Task description
Retype the listing exactly, minus its pictures.

Given material Start Marker

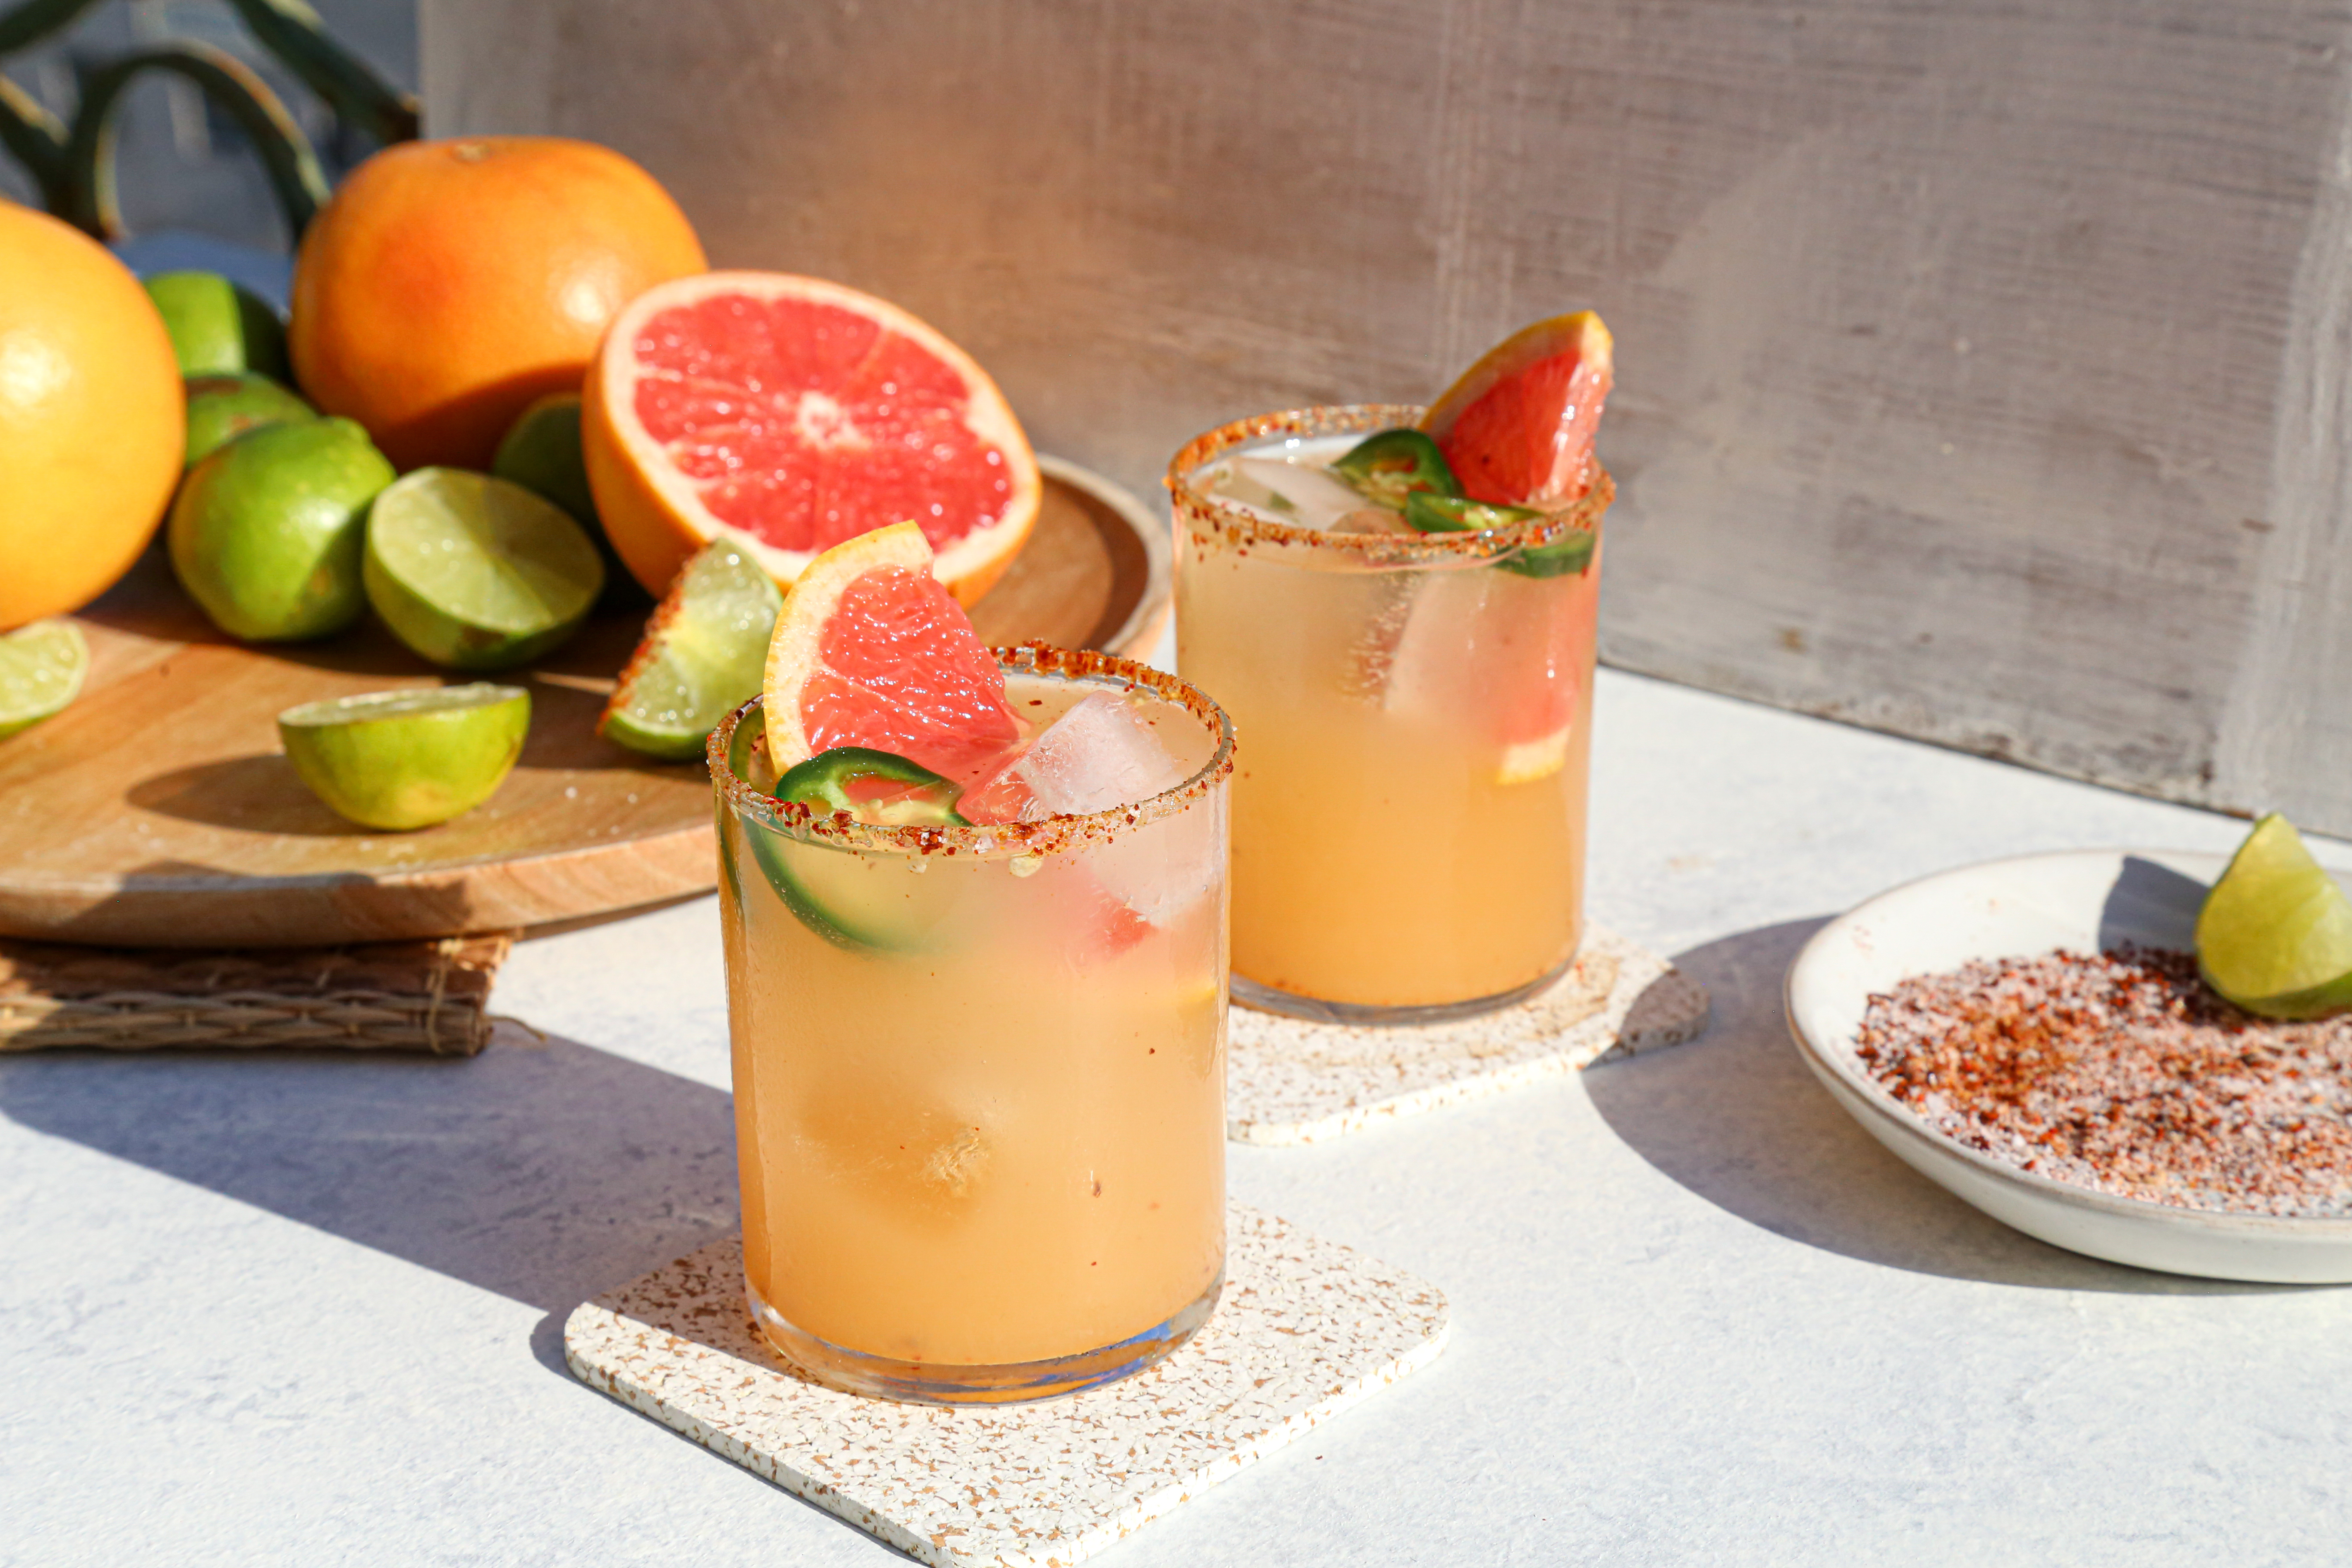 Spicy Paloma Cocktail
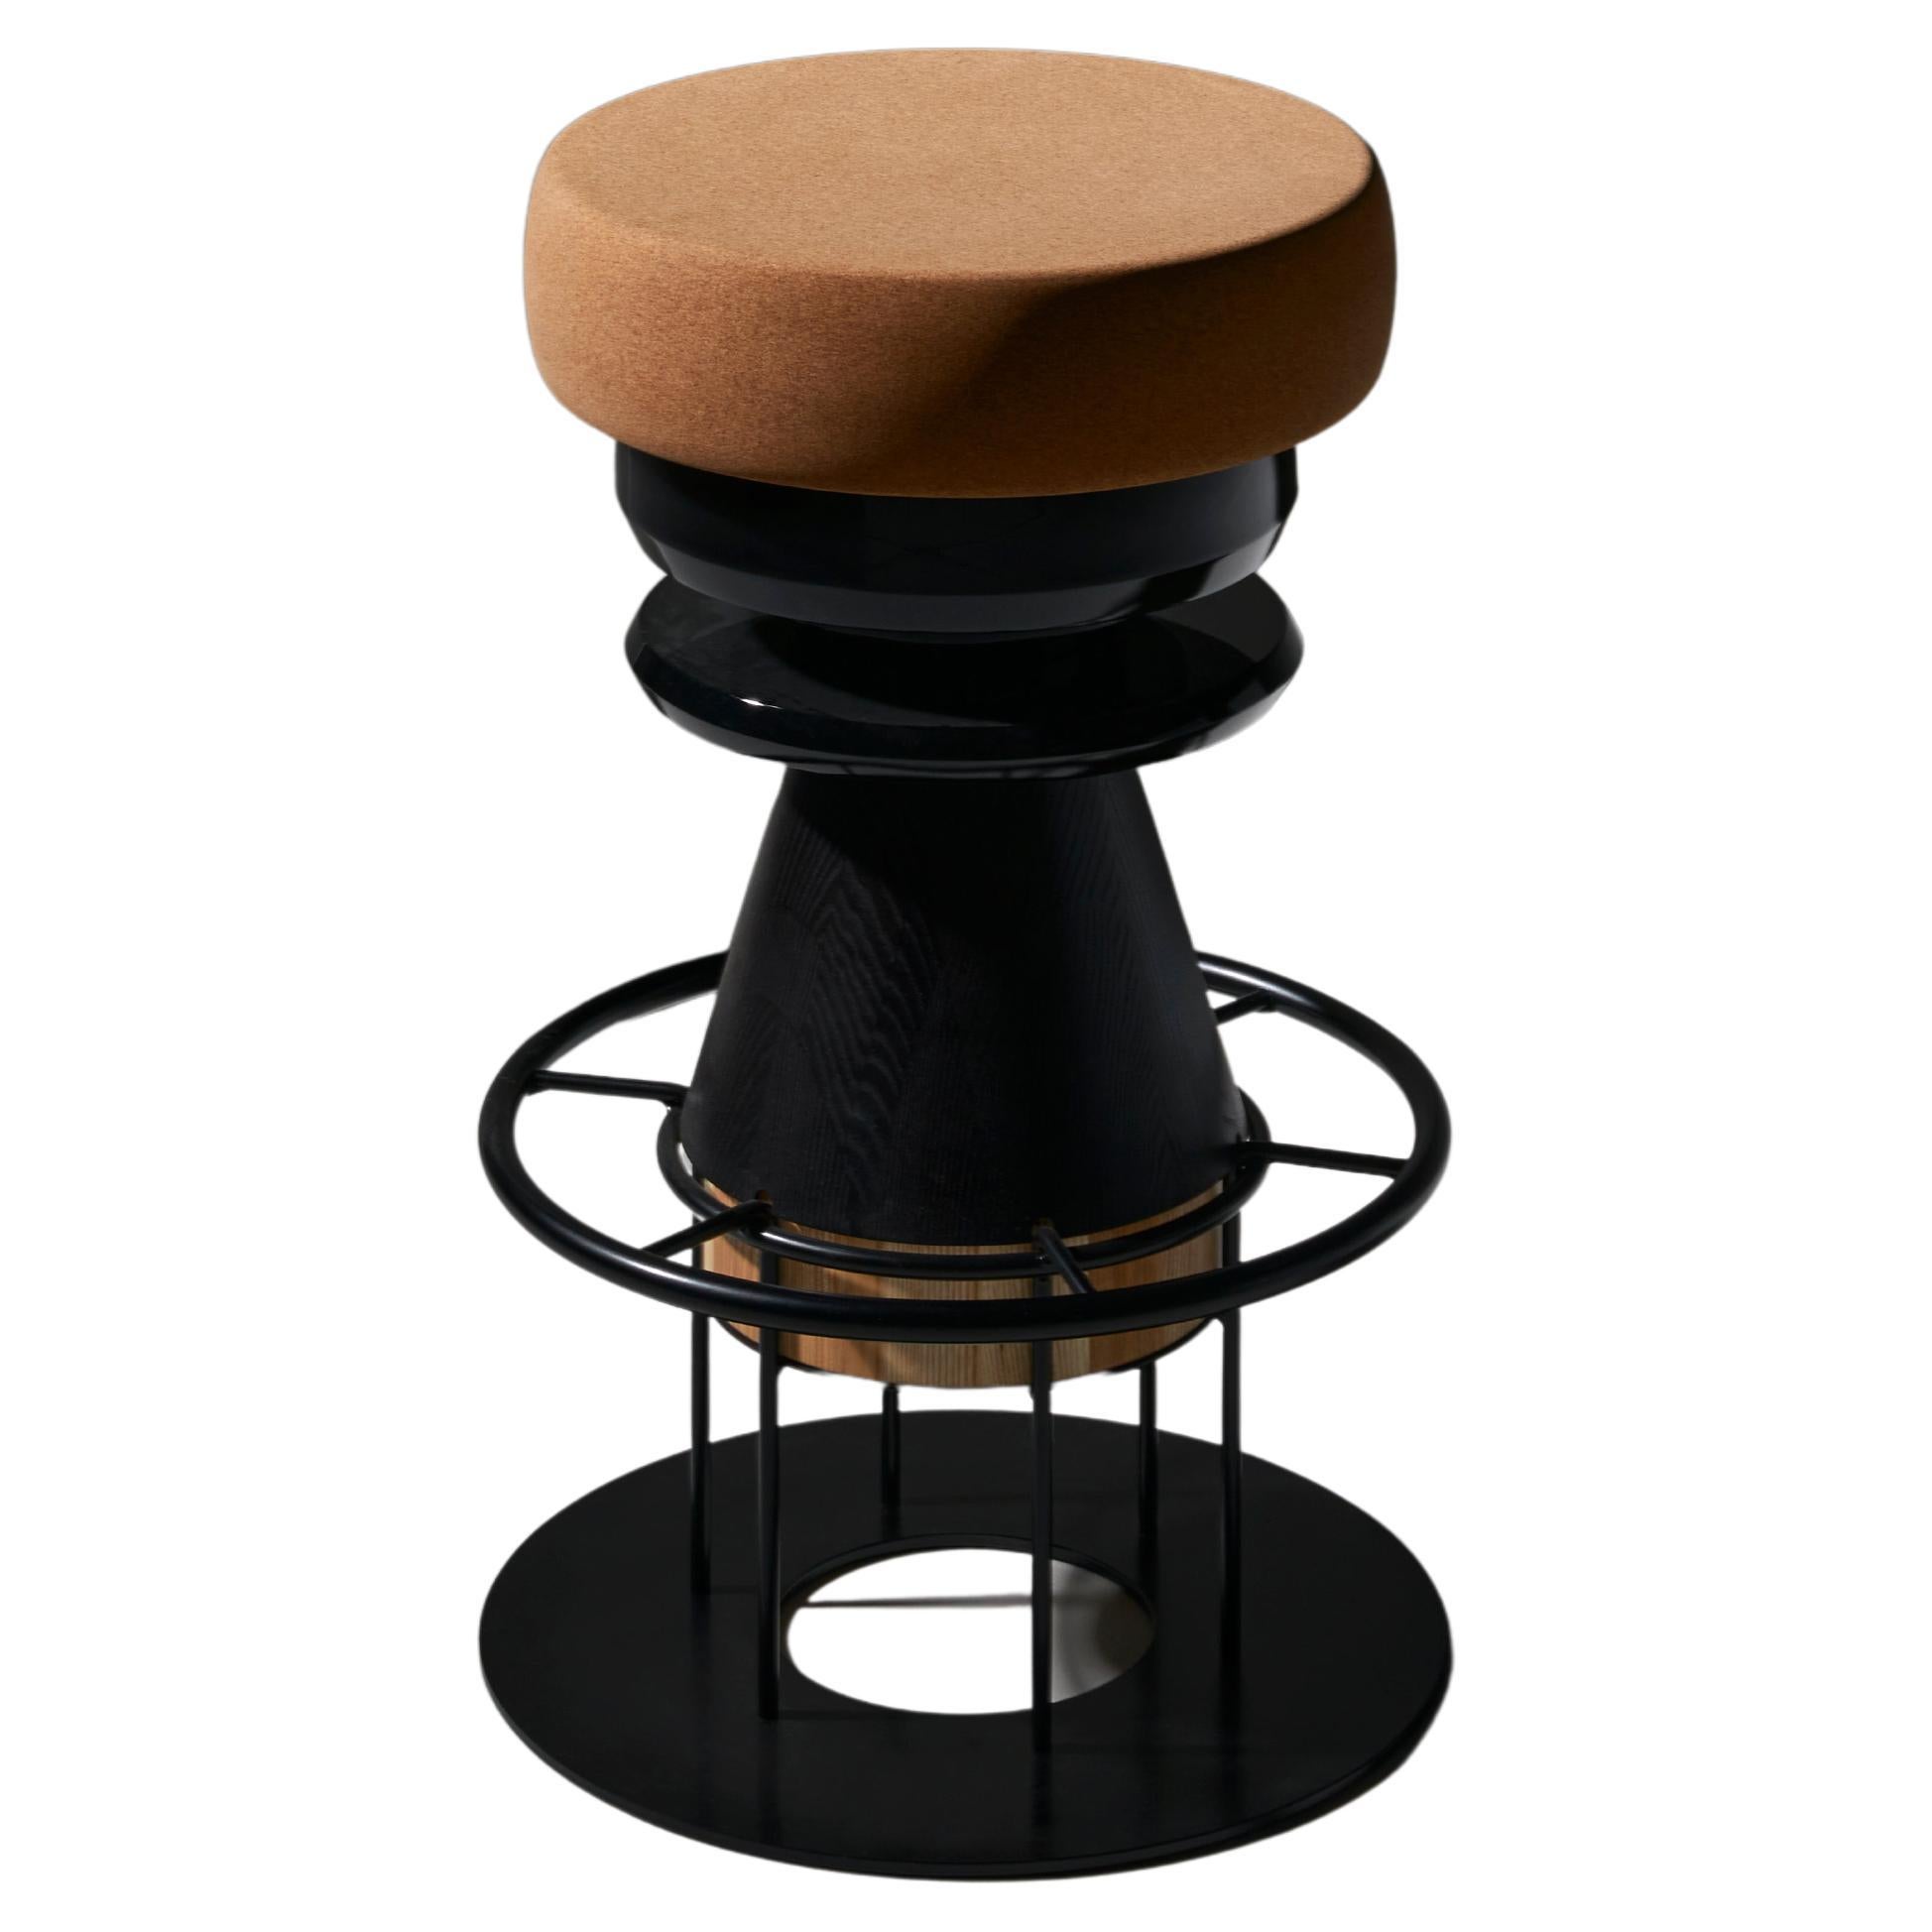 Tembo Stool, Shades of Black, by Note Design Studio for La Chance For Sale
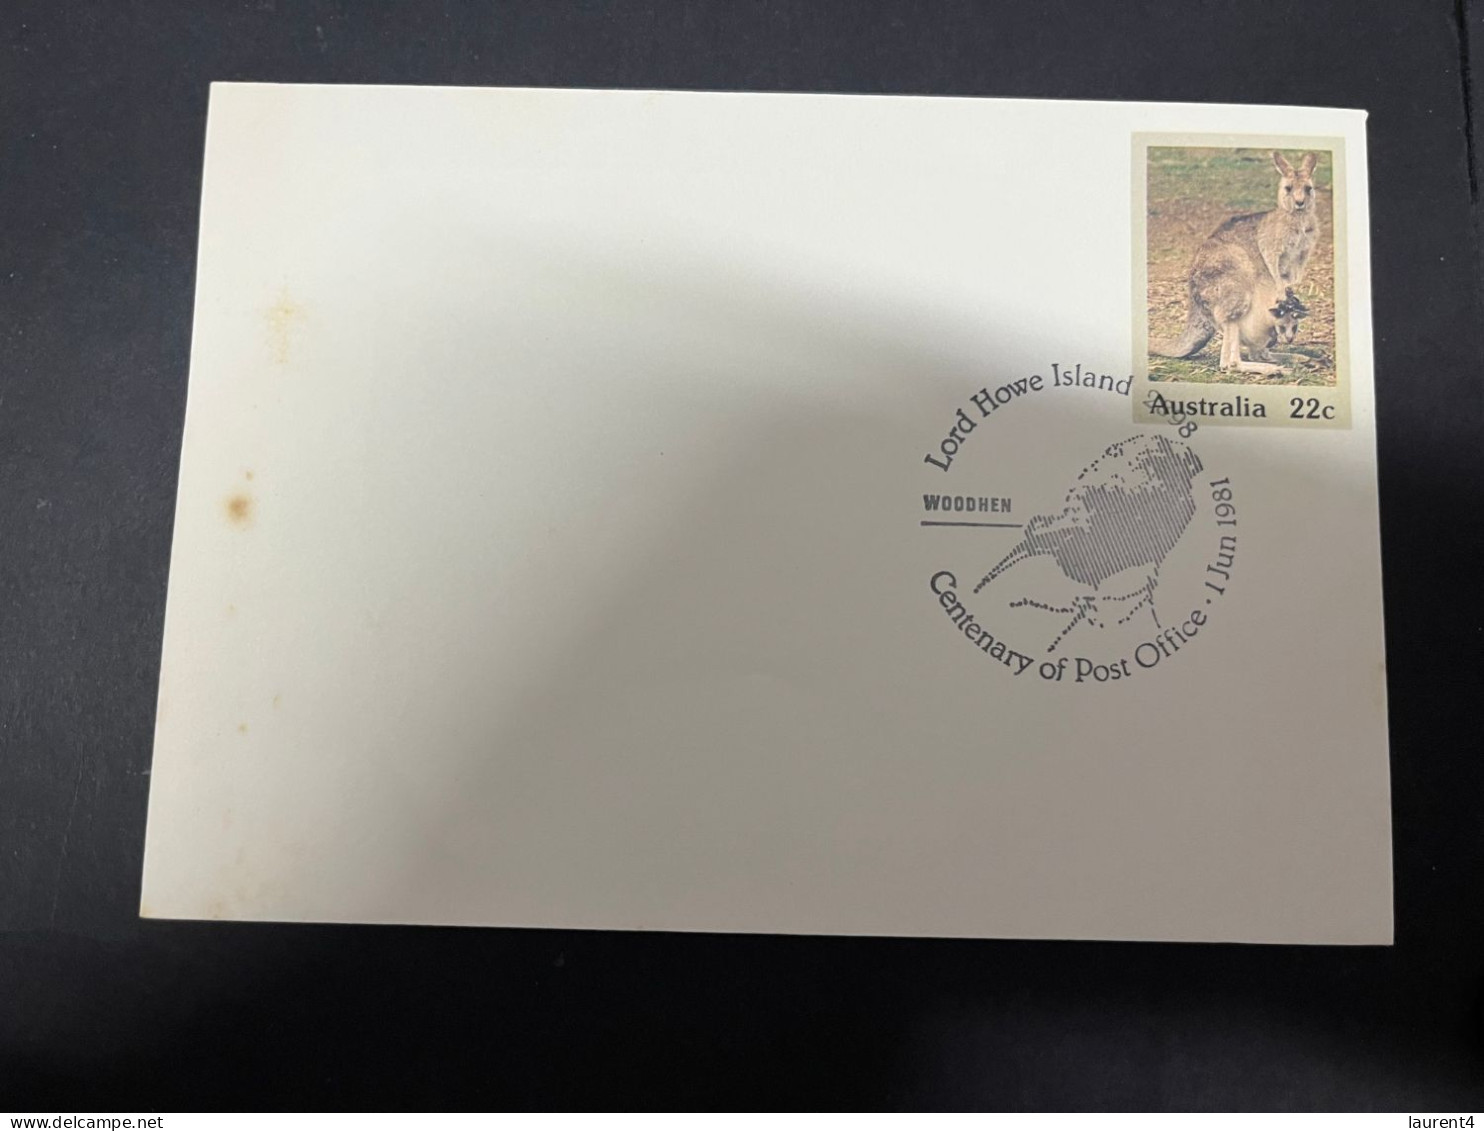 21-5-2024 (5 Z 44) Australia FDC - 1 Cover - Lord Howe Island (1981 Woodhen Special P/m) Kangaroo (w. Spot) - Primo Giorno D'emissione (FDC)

Given material End Marker

Response area
 Spicy Paloma Cocktail
 Tembo Stool, Shades of Black, by Note Design Studio for La Chance For Sale
 21-5-2024 (5 Z 44) Australia FDC - 1 Cover - Lord Howe Island (1981 Woodhen Special P/m) Kangaroo (w. Spot) - Primo Giorno D'emissione (FDC)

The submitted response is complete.